01:05:26And every situation is fine.
01:05:28But, yes.
01:05:30So, we will leave it a little open.
01:05:31Yes, because family is important.
01:05:33The study is important.
01:05:34Your outgoing activities are also important.
01:05:37So, it's not a balance.
01:05:38In everything.
01:05:39Yes.
01:05:40So, this is also a thing.
01:05:43You keep balance in everything.
01:05:44Of course.
01:05:45The next AI video is on the same page.
01:05:48One more question.
01:05:49Yes.
01:05:49I never get to meet with my parents.
01:05:53I just feel like my husband listens to his mother's mother.
01:05:58That's the same way my children don't get away from me.
01:06:02Because of the fact that we have a lot of fights in our house.
01:06:06I don't know how to give my heart.
01:06:10This is a Pakistani drama.
01:06:12Yes.
01:06:13I came into the same page.
01:06:16I don't understand how we do it.
01:06:16You don't do it to my parents.
01:06:17No more of this.
01:06:18It's not relevant.
01:06:19But it's also very well that,
01:06:19in our drama,
01:06:20It's so important that,
01:06:22It is created a party.
01:06:25And it's induced children in their lives.

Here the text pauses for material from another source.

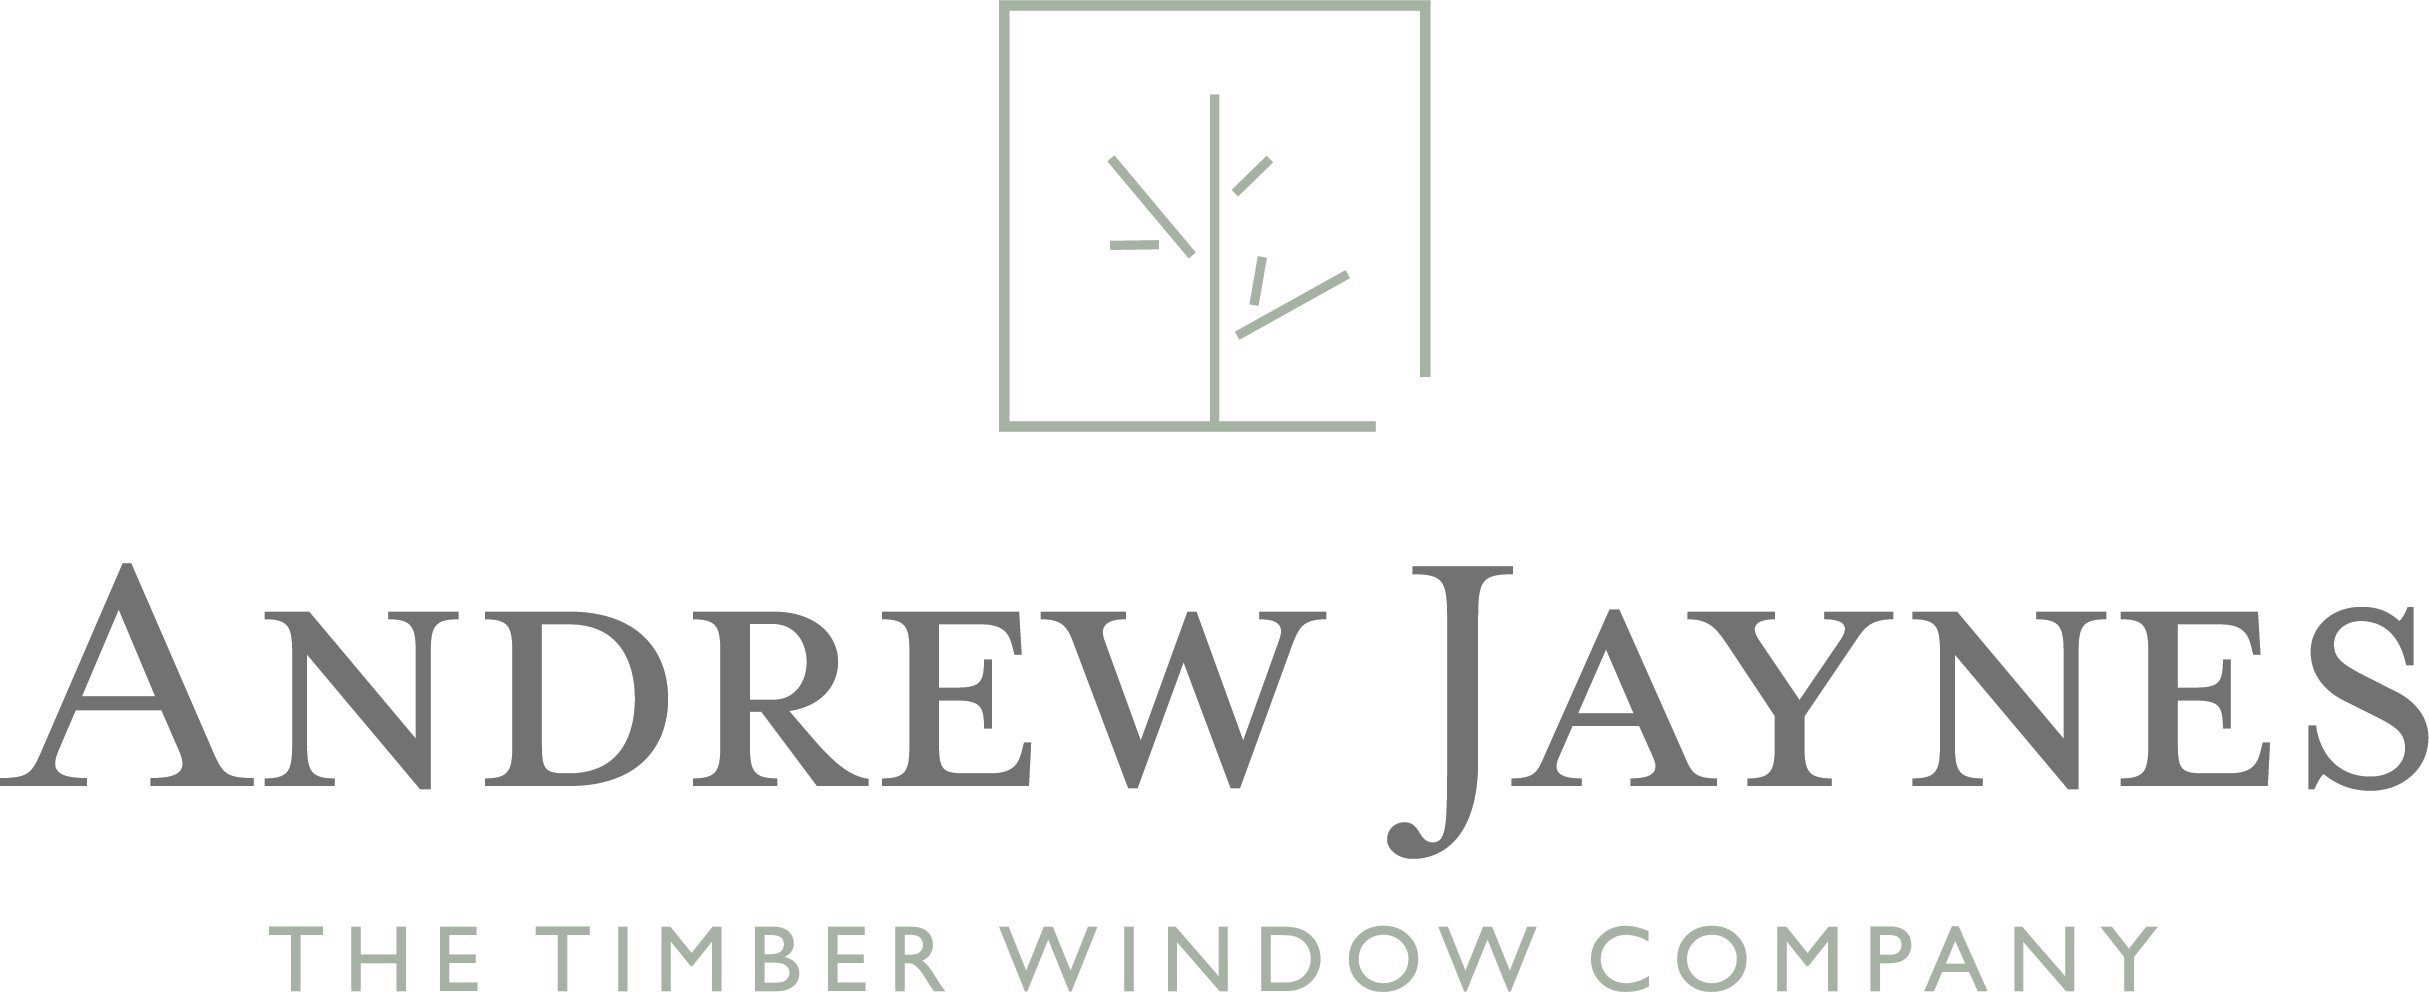 Andrew Jaynes Limited logo

01:06:28It'snicas that they have been induced.
01:06:28Have some parents,
01:06:29have some parents,
01:06:31have some parents,
01:06:31have some parents,
01:06:31have some parents.
01:06:31Sometimes,
01:06:32are some parents even use their parents.
01:06:37that your mother is careless, that your mother doesn't study anything.

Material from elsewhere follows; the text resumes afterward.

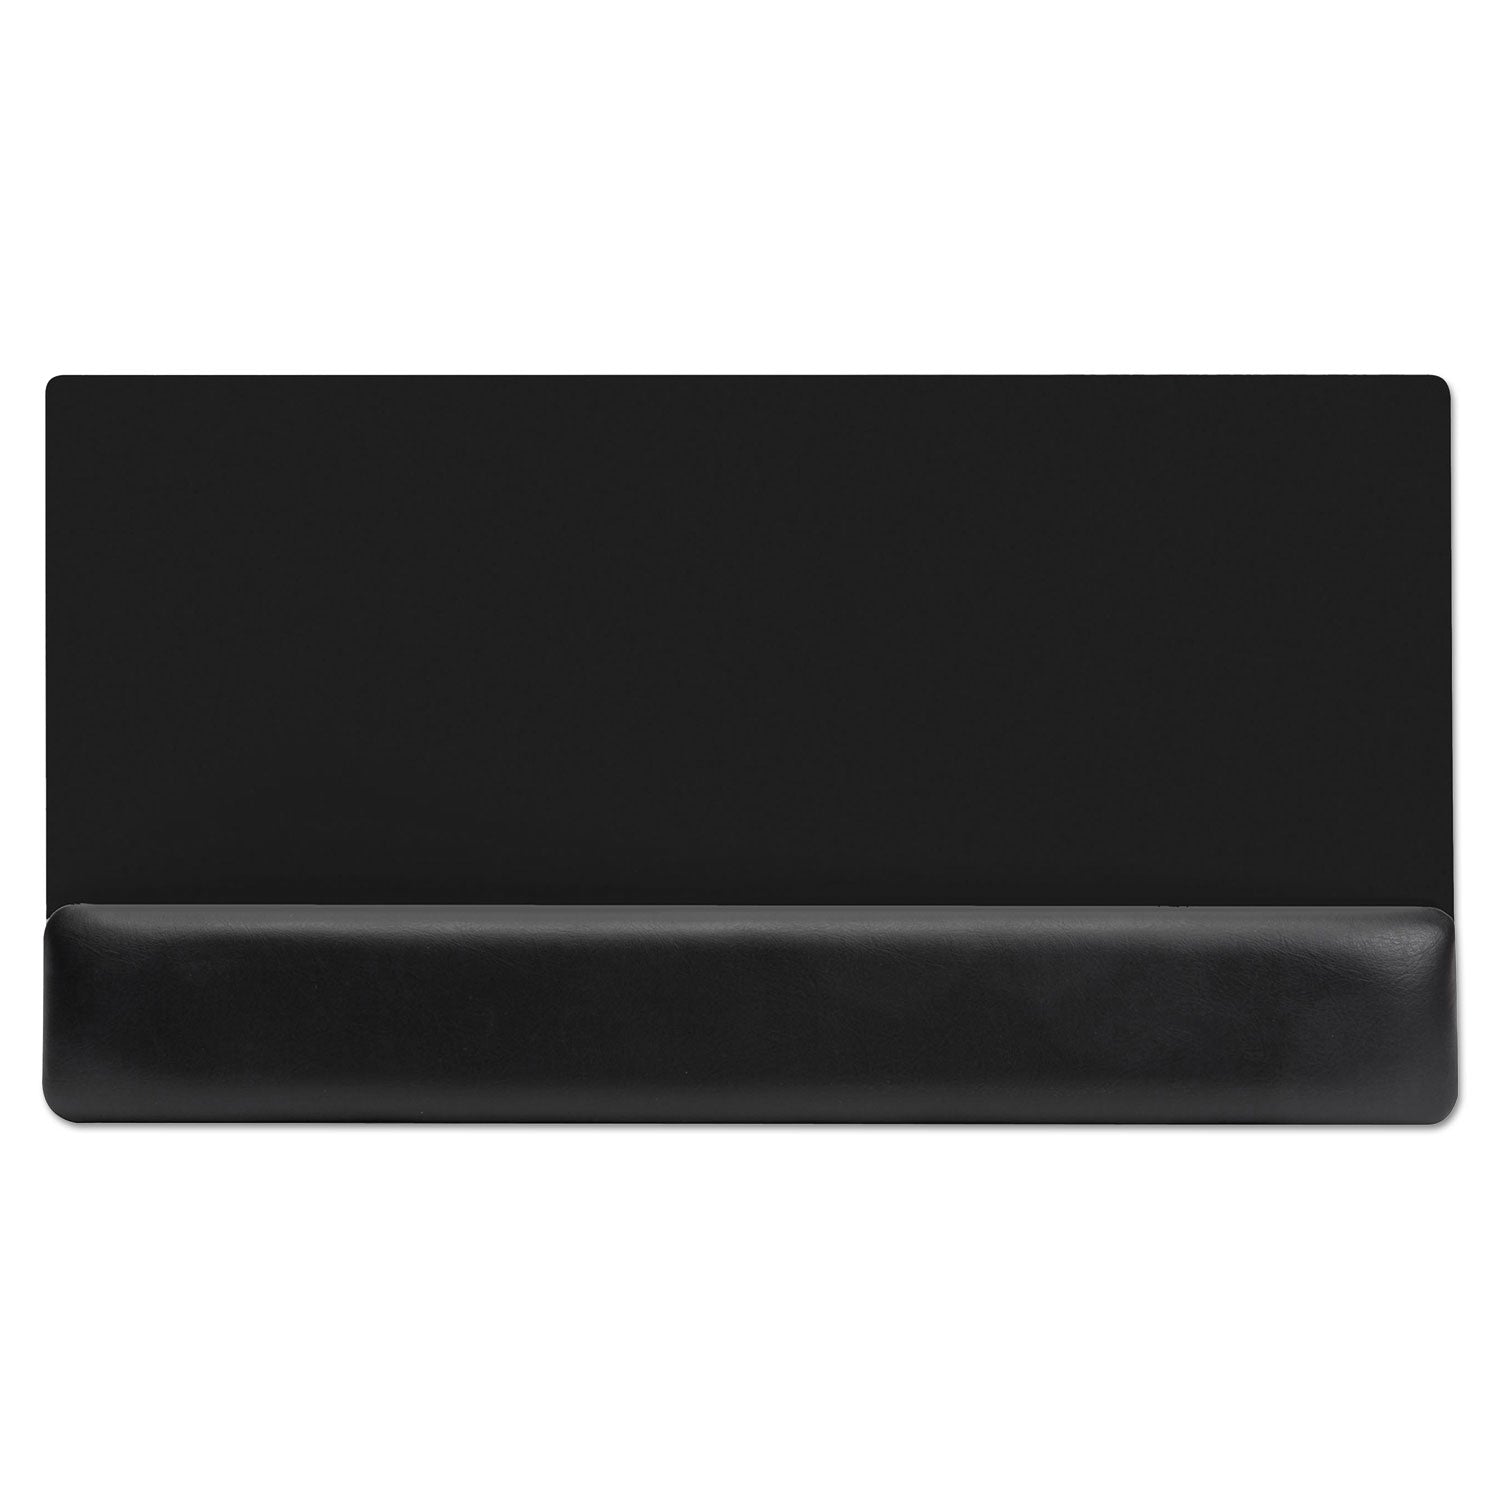 Soft Backed Keyboard Wrist Rest, 19 x 10, Black -

01:06:44Exactly, the drama is depicted in society.
01:06:47What we are doing is that in the whole drama,
01:06:50we are doing selective attribution,
01:06:52which is our meaning, we are taking it.
01:06:54We are not watching the drama,
01:06:56that in every drama, the Pakistani drama,
01:06:58there is no message or moral lesson,
01:07:01they are giving you to a society lesson.
01:07:08I don't think so.
01:07:09No, it's a lesson.
01:07:11It's a lesson.
01:07:12The last thing is right,
01:07:14but we are picking things from that,
01:07:16and then we are saying that the drama has very bad effects,
01:07:19because we have done those things,
01:07:20and then we are implementing them at home.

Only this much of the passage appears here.